### [Dataset section]
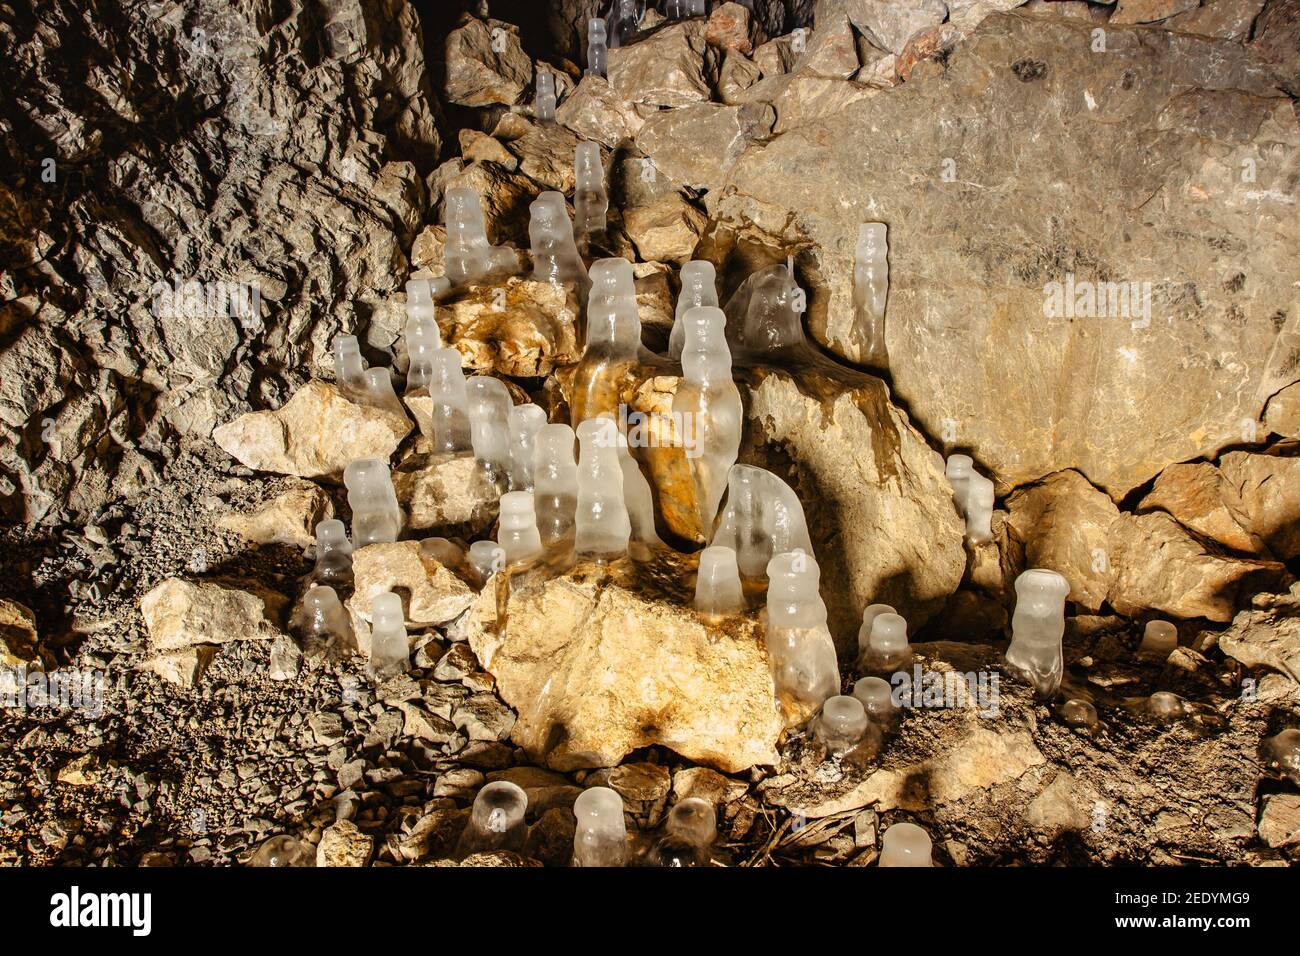 Fascinating ice formations and icicles in Chlum limestone quarry and caves,Czech Republic.Cave system in Cesky kras, Czech Karst.Freezing day outdoors Stock Photo
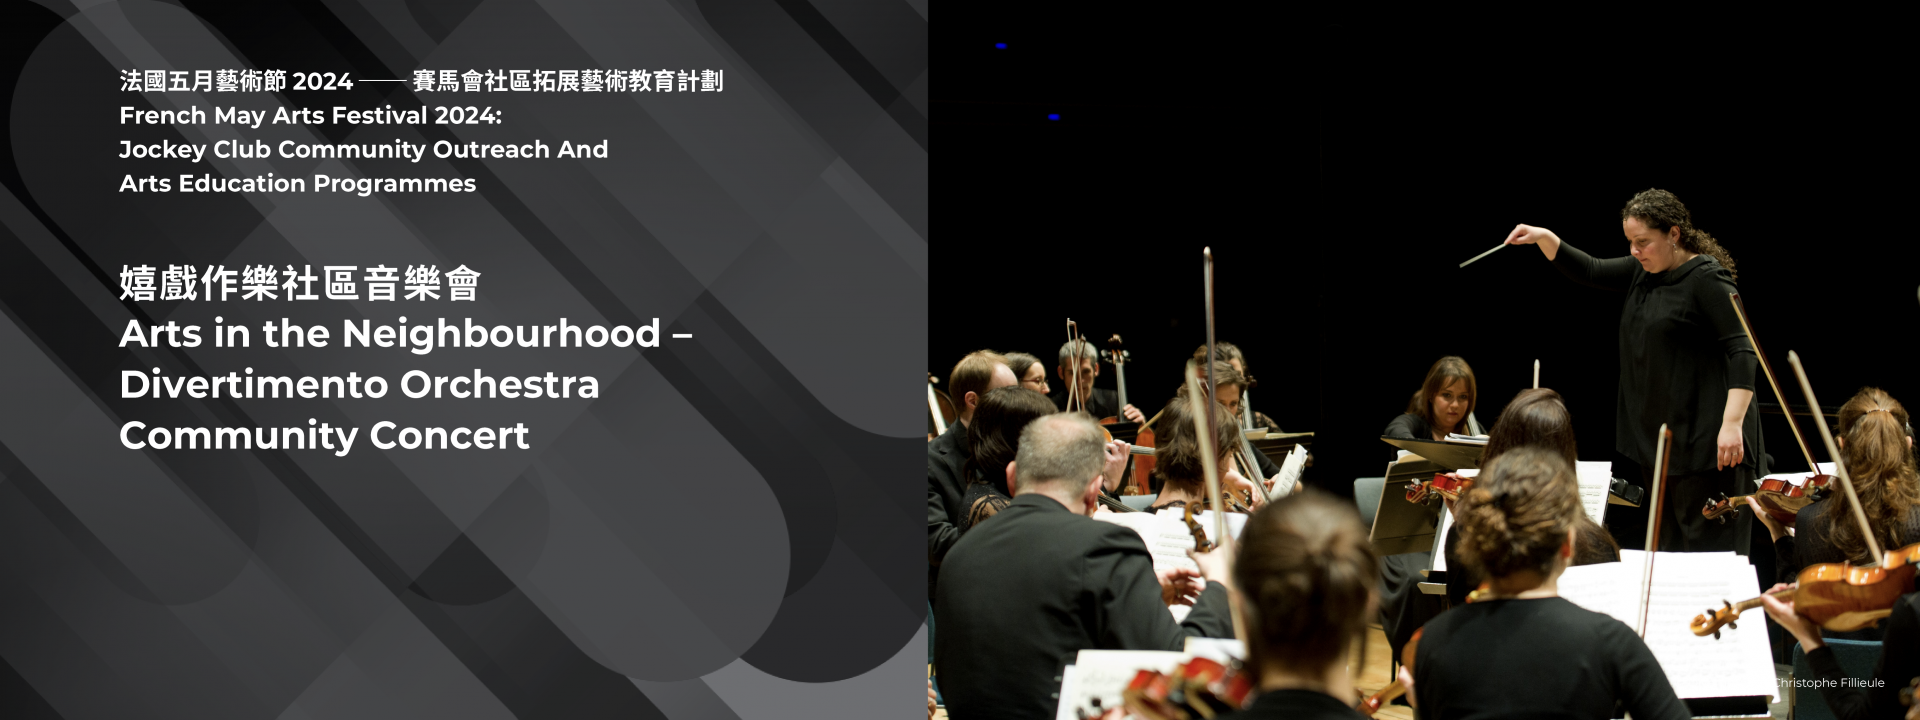 Arts In The Neighborhood — Divertimento Orchestra Community Concert
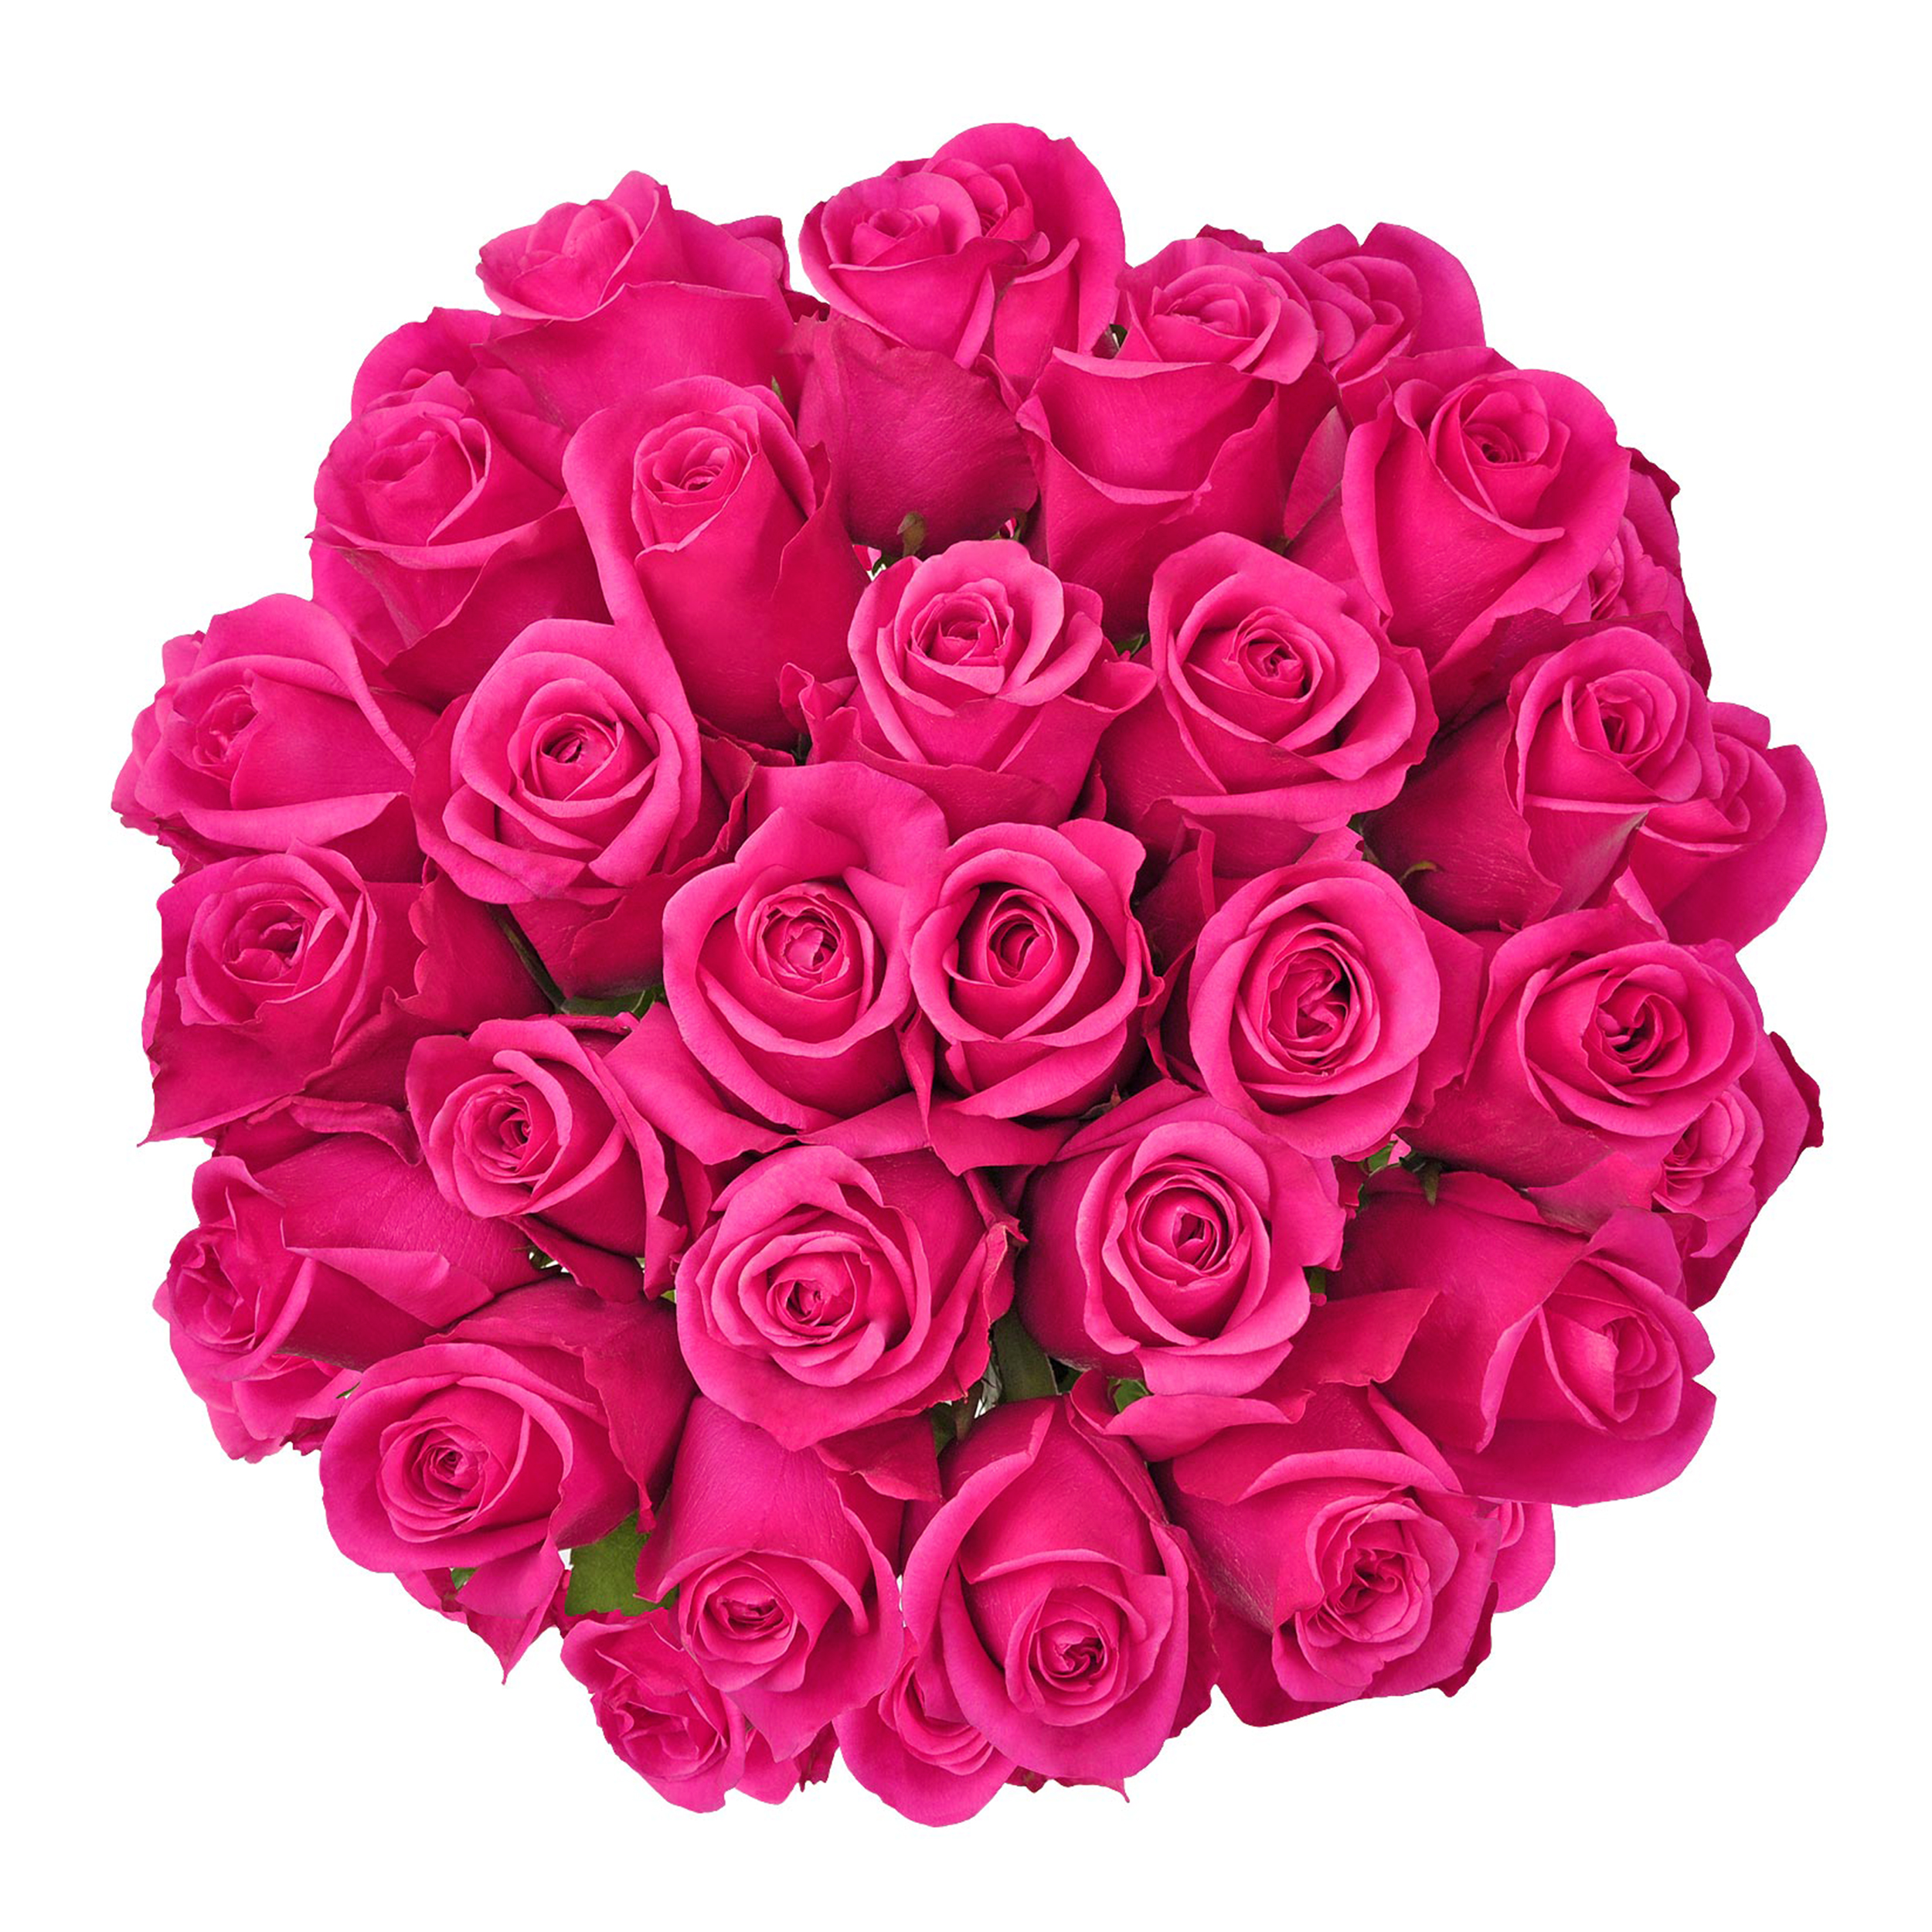 Hot Pink Roses - Farm Direct Fresh Cut Flowers - 50 Stems - Roses -by Bloomingmore - image 4 of 7
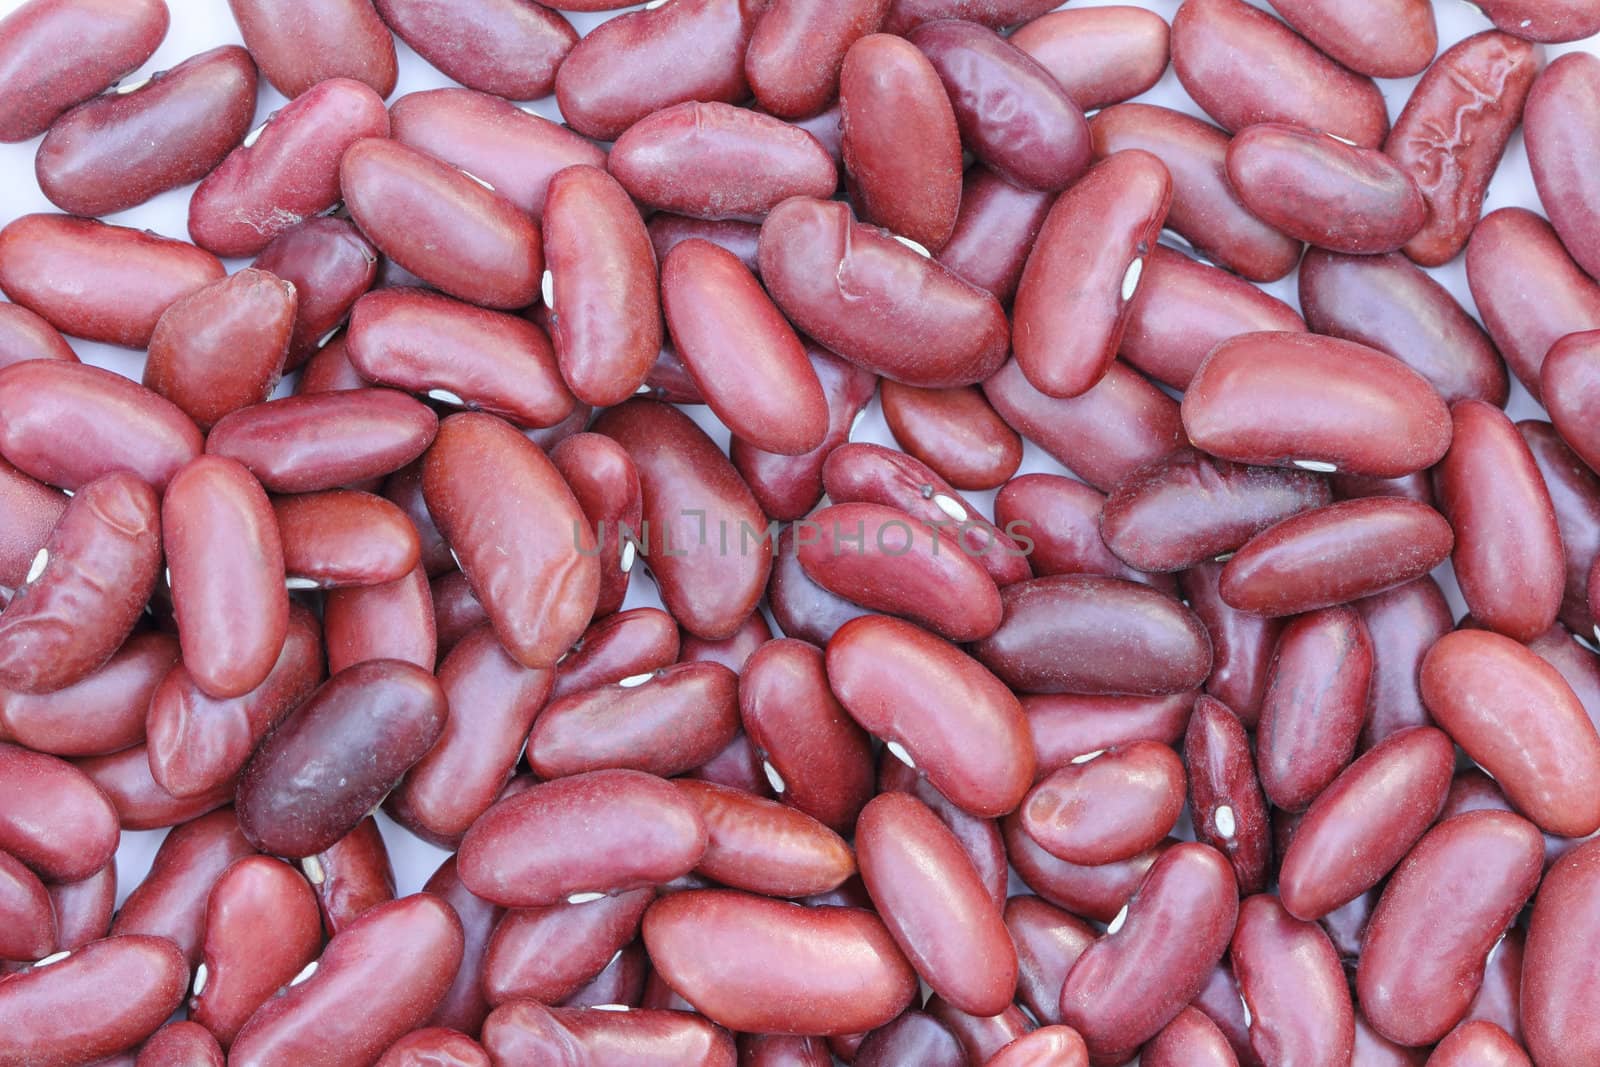 Red Kindney beans by wyoosumran

### [Goal of the exercise]
Copy out the full material exactly. Pictures should not appear in it.

### [Exercise result]
 Fascinating ice formations and icicles in Chlum limestone quarry and caves,Czech Republic.Cave system in Cesky kras, Czech Karst.Freezing day outdoors Stock Photo
 Arts In The Neighborhood — Divertimento Orchestra Community Concert
 Hot Pink Roses - Farm Direct Fresh Cut Flowers - 50 Stems - Roses -by Bloomingmore - image 4 of 7
 Red Kindney beans by wyoosumran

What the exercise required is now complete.